Raines and his No. 2, managing editor Gerald Boyd, resigned in an unprecedented downfall at a major American newspaper. At first glance, their toppling was the climax – the Times hopes – of a humiliating season of scandal that began with the disclosures that young reporter Jayson Blair had plagiarized or fabricated a string of stories. But at root, it was something more mundane and yet amazing: a workplace’s staging a public mutiny to take down an unpopular boss.

Speaking to TIME last week, Sulzberger said he was saddened by the resignations but not because he was responsible for choosing Raines. “You make choices,” said Sulzberger. “Some work. Some don’t work.” And indeed the Blair scandal and its aftermath followed a decade in which Sulzberger had modernized and in many ways improved the staid Gray Lady. The son of the previous publisher, Sulzberger beefed up the paper’s features and cultural coverage, raised its profile nationally and internationally. Still, says Susan Tifft, a former TIME writer, “Howell was really Arthur’s 100% pick …. So this would have to be seen at one level as a failure of Arthur’s management.”

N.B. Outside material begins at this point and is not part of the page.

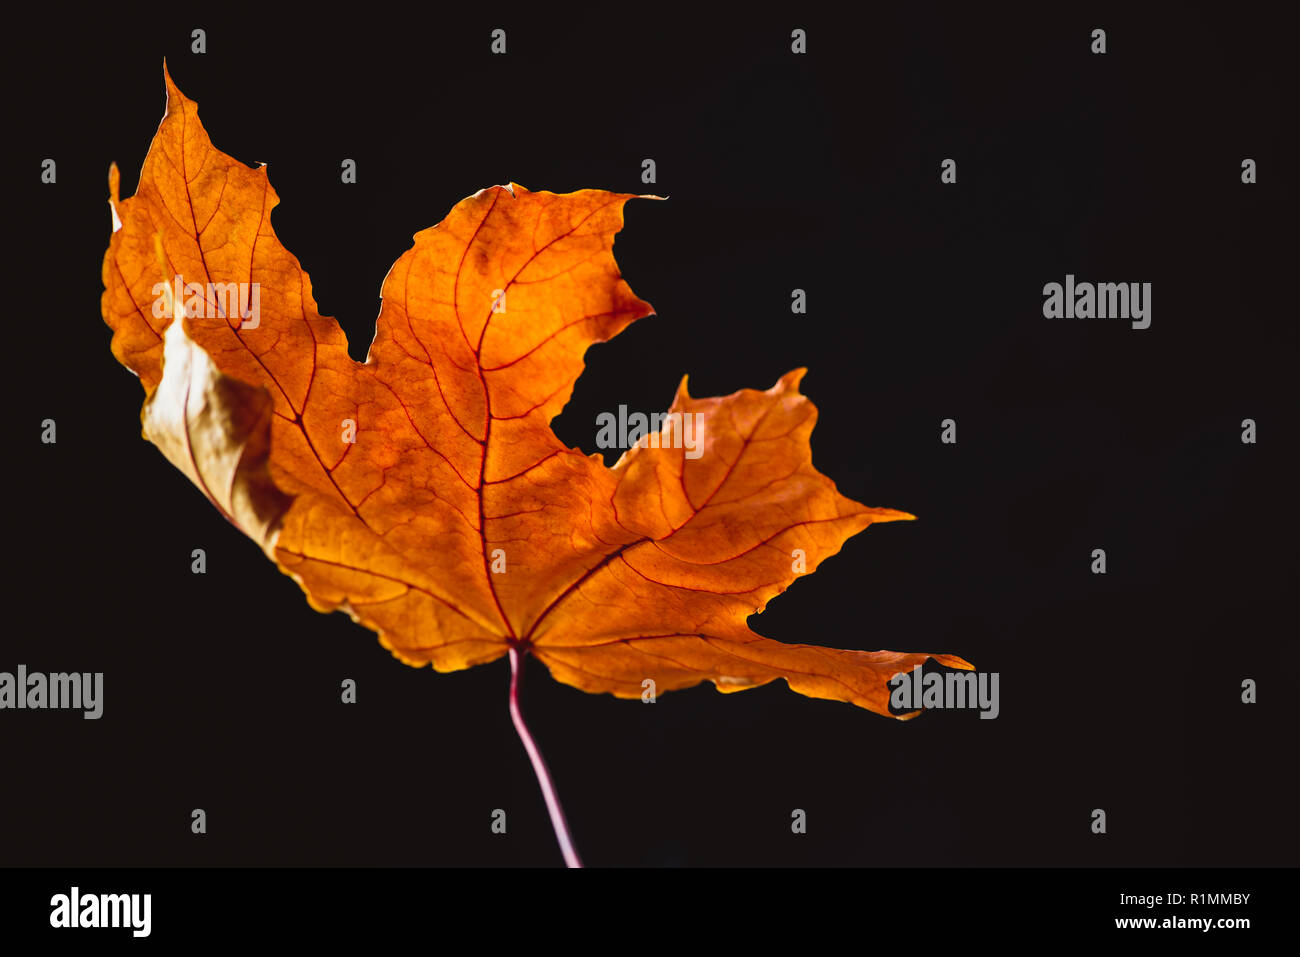 beautiful orange maple leaf isolated on black, autumn background Stock Photo
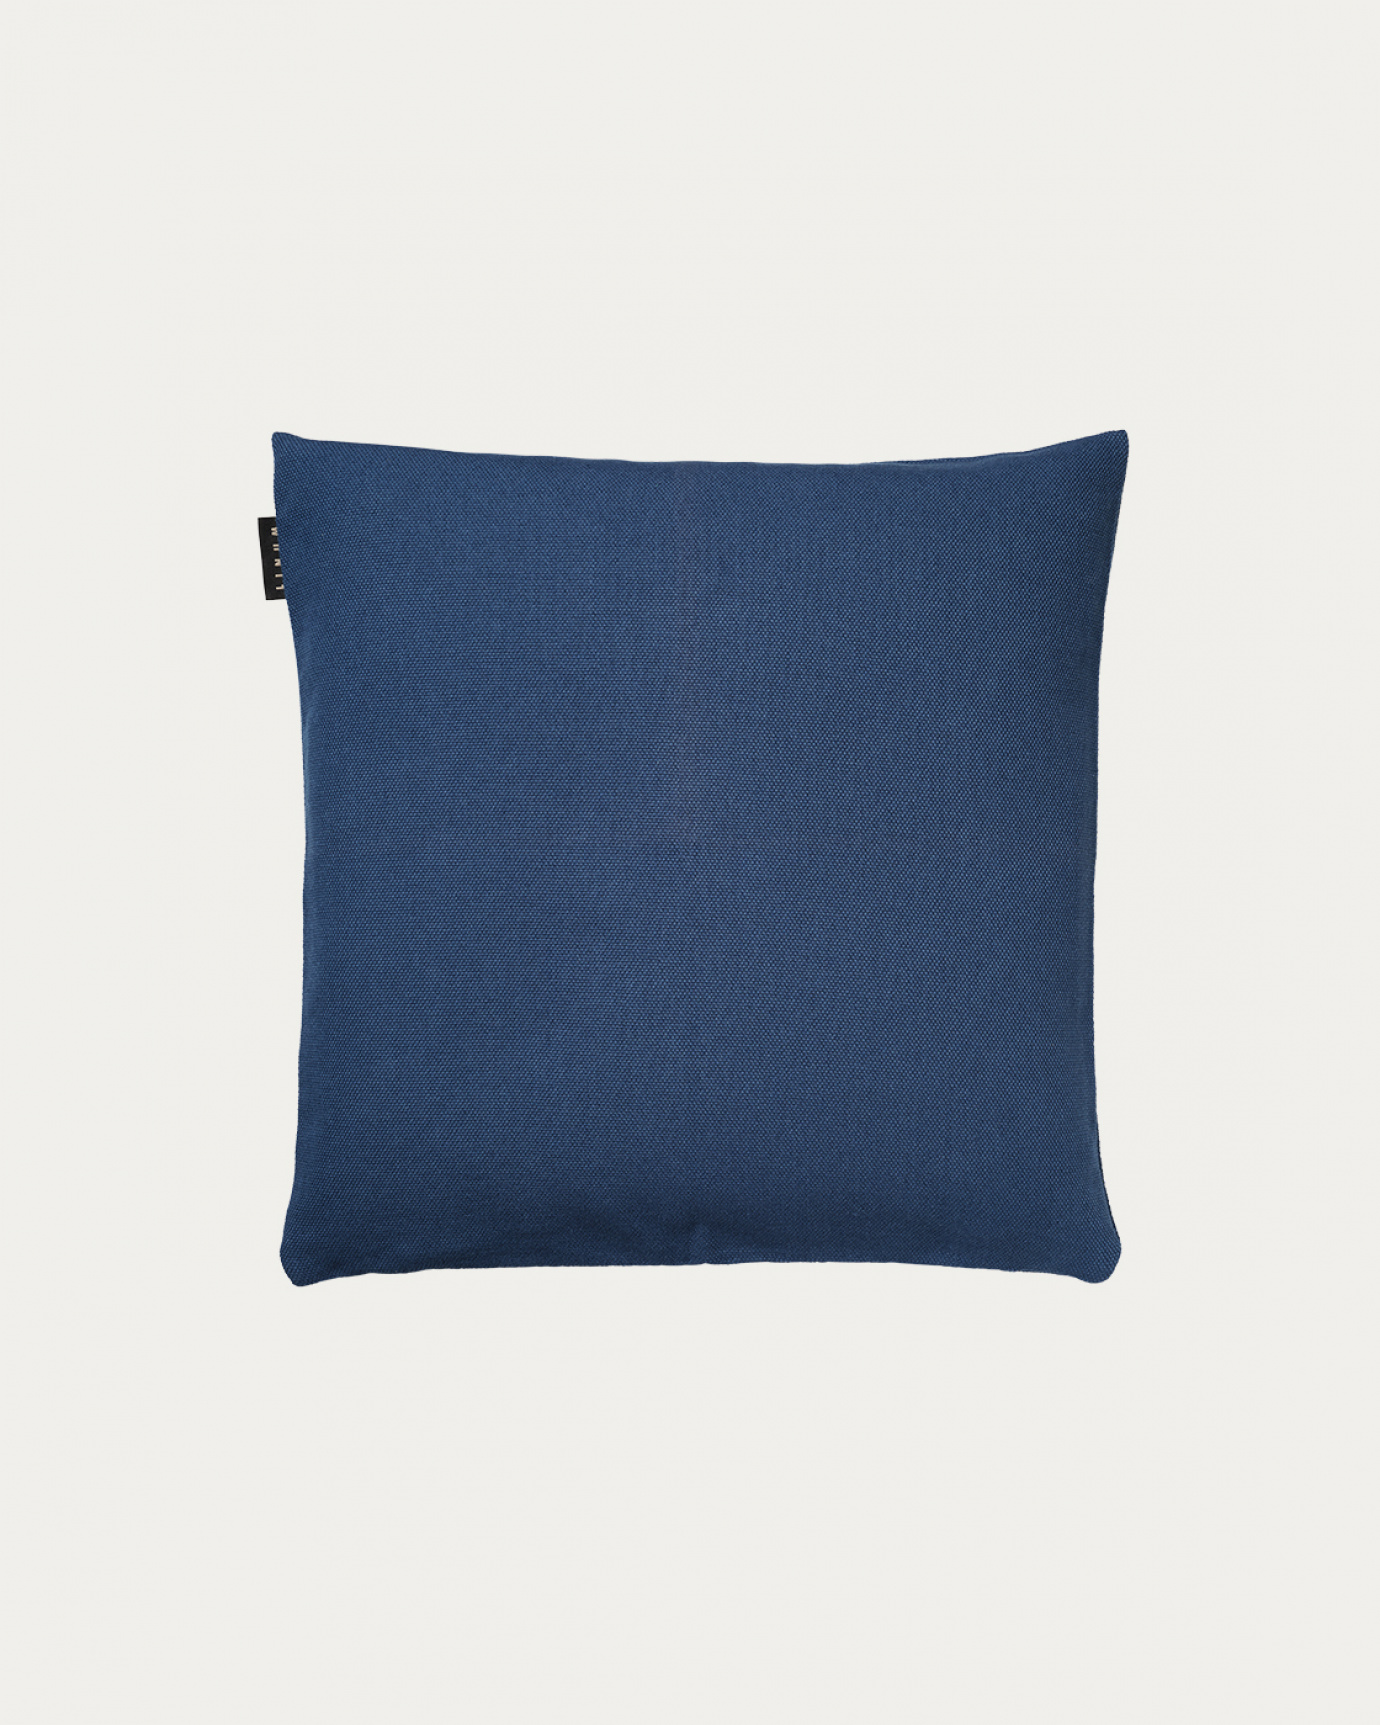 Image du produit housse de coussin PEPPER bleu nuit en coton doux de LINUM DESIGN. Facile à laver et durable pendant des générations. Taille 40 x 40 cm.

At first, Raines seemed like the right man for the right time. The 9/11 attacks – which occurred six days after he took the job – required firm, aggressive leadership. But the heads of the Times ’s bureaus traditionally had leeway in deciding what stories to cover, and as the crisis ebbed and Raines’s top-down crisis structure became business as usual, it began to rankle. He shook up the staff, giving choice assignments to cronies. He was brusque and domineering. He launched a crusade against the Augusta National golf club exclusion of women and then was at least partly responsible for spiking two sports columns that didn’t square with the paper’s position.

Of course, many successful leaders are not nice guys – and bosses, perhaps. But Jayson Blair turned Raines’s leadership into much larger issue. That Blair, a smooth talker who ingratiated himself with Raines and Boyd, went so long uncaught despite warnings about his sloppy work was blamed on Raines’ playing favorites and his unwillingness to listen to others.

But Sulzberger took an aggressive role in trying to gauge newsroom discontent, including holding a meeting of hundreds of employees – which made it clear that Raines and Boyd needed to act very fast to fix morale. Among other things, the paper appointed a committee to make management suggestions – and began looking for other Blairs. Then came a second scandal: Rick Bragg, a Pulitzer Prize winning feature writer, was suspended after he filed a story about oystermen in Florida that had been largely reported by an uncredited intern. Bragg further enraged the newsroom when he claimed that Times national reporters did things like that all the time. When Raines issued a mild and tardy response, many of his people felt he had sold them out.

The Bragg case caused a minor public flap compared with Blair’s, but it was ultimately more damaging to Raines. Journalists started giving anti-Raines quotes to competitors. It didn’t help that when Sulzberger went to the Times Washington bureau for a brown-bag lunch, an employee said, “he got a harsher message than he expected.”

Some have speculated that his family, particularly his father, pressured him to act, but Sulzberger says that although he talked with family members, he made the decision to accept Raines’ resignation himself. He also insists that he did not order the editors to quit. There was a sense from the two of them that the hill that they had to climb was becoming too steep.

Sulzberger named Joseph Lelyveld – a measured manager, liked in the newsroom – to be the interim executive editor while a replacement search is under way. Sulzberger tells TIME he’s looking for a “great journalist” who is “an effective leader and manager” – which, in the wake of the Raines war, may be more than mere corporate-speak.

Times employees say they are relieved to have a respite from the turmoil with Lelyveld, who addressed the newsroom, ending with four simple words: “Let’s go to work.”